The problem
The data must be reproduced verbatim; images are to be omitted.

BEGIN Collected material

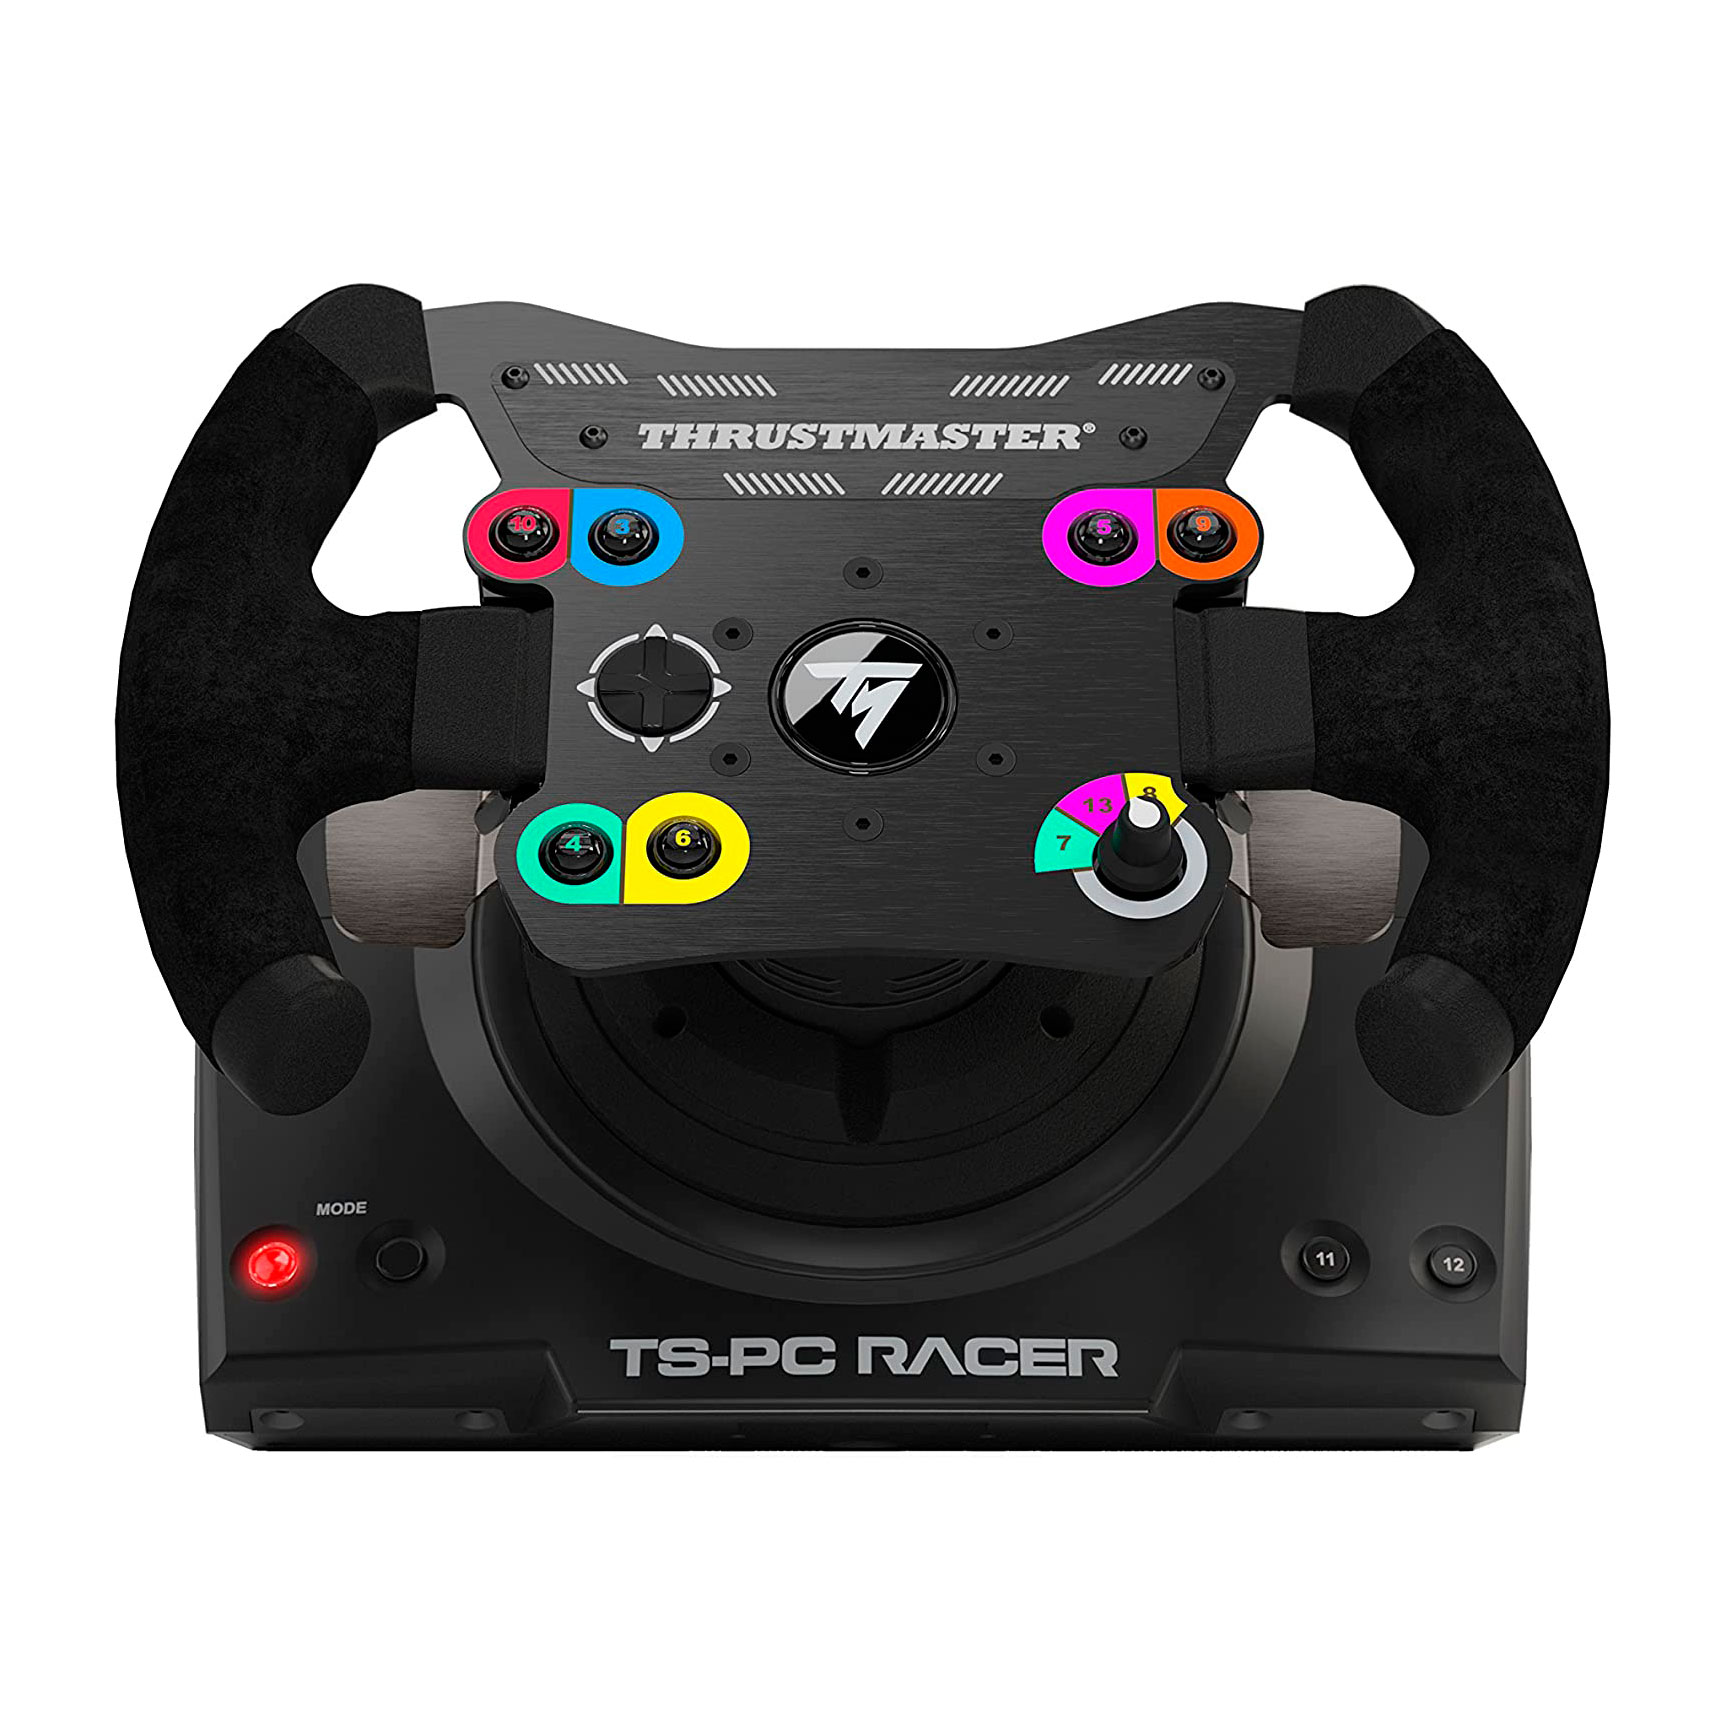 Руль Thrustmaster TS-PC Racer, черный руль thrustmaster t248p черный
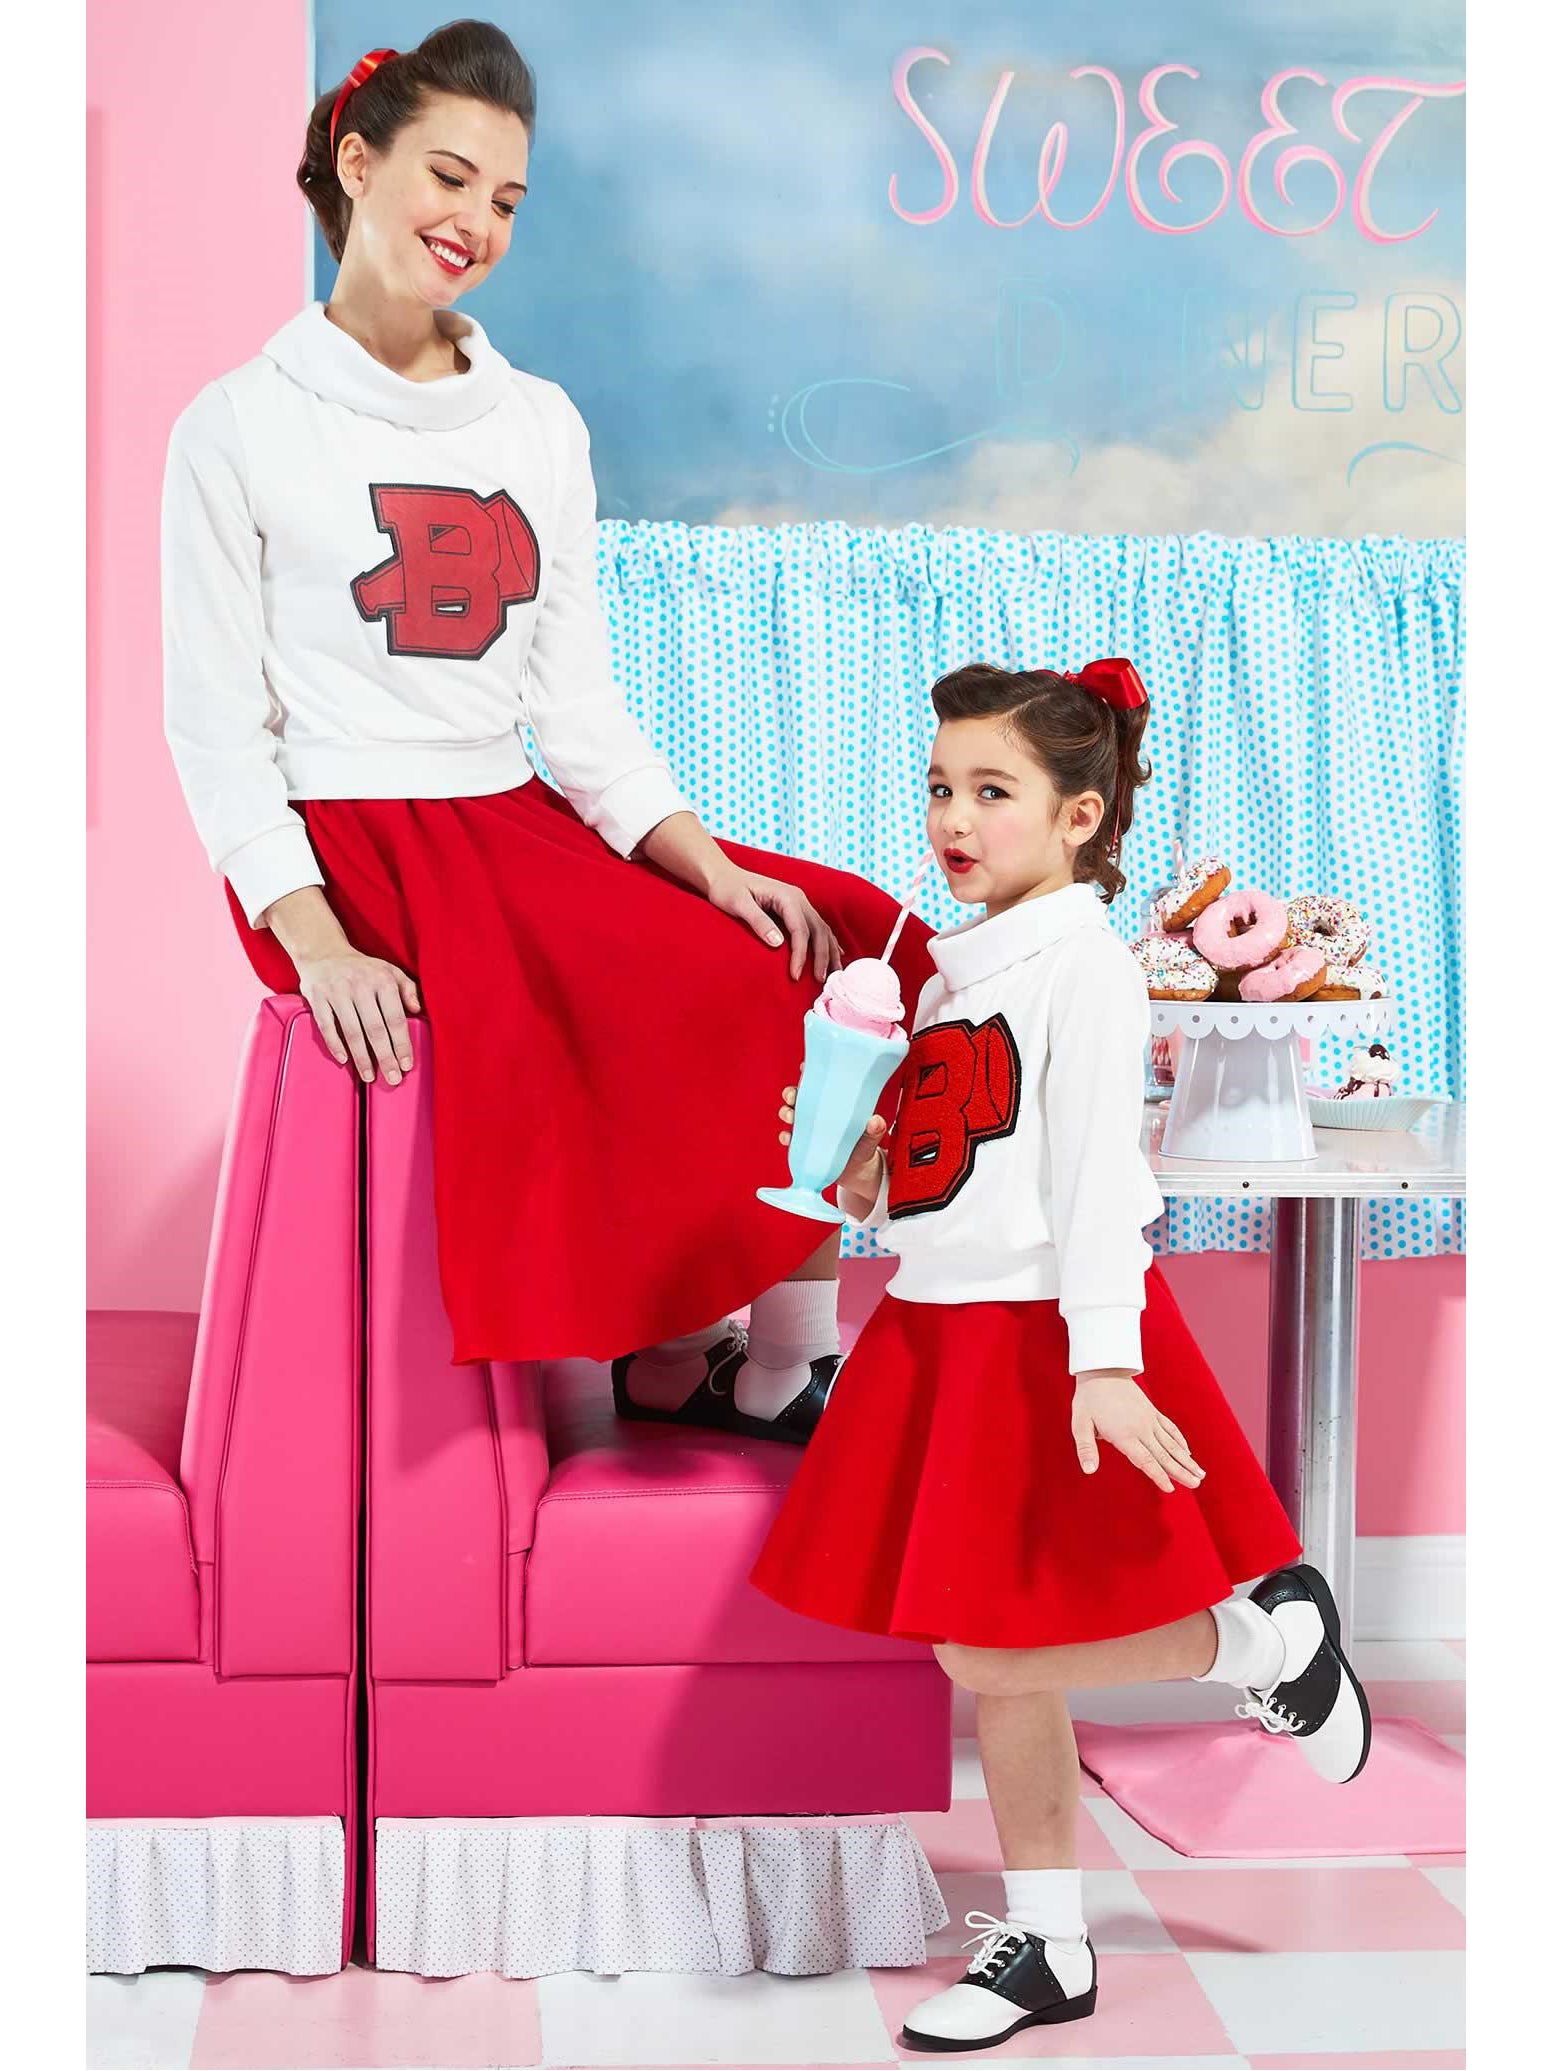 ‘50s Cheerleader Costume for Women  red alt1
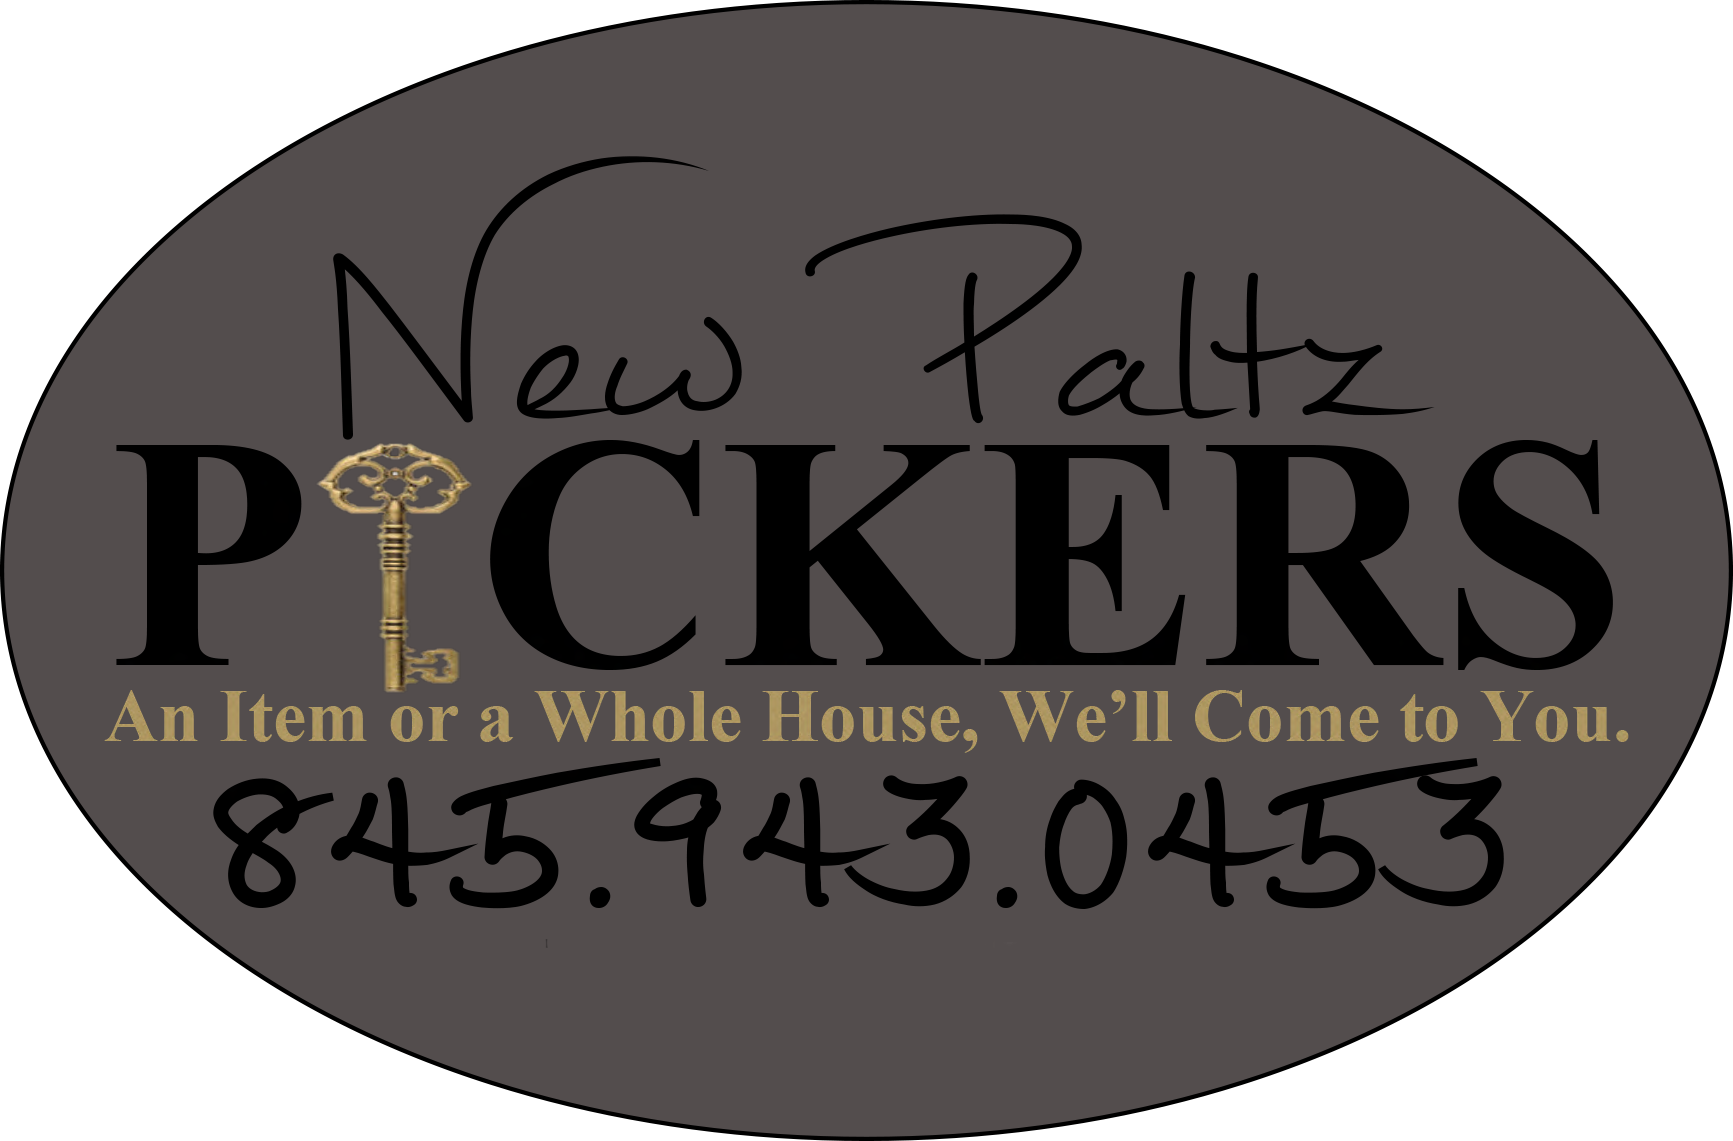 New Paltz Pickers Logo ellipse

END Collected material

Your solution
 Руль Thrustmaster TS-PC Racer, черный руль thrustmaster t248p черный
 ‘50s Cheerleader Costume for Women  red alt1
 New Paltz Pickers Logo ellipse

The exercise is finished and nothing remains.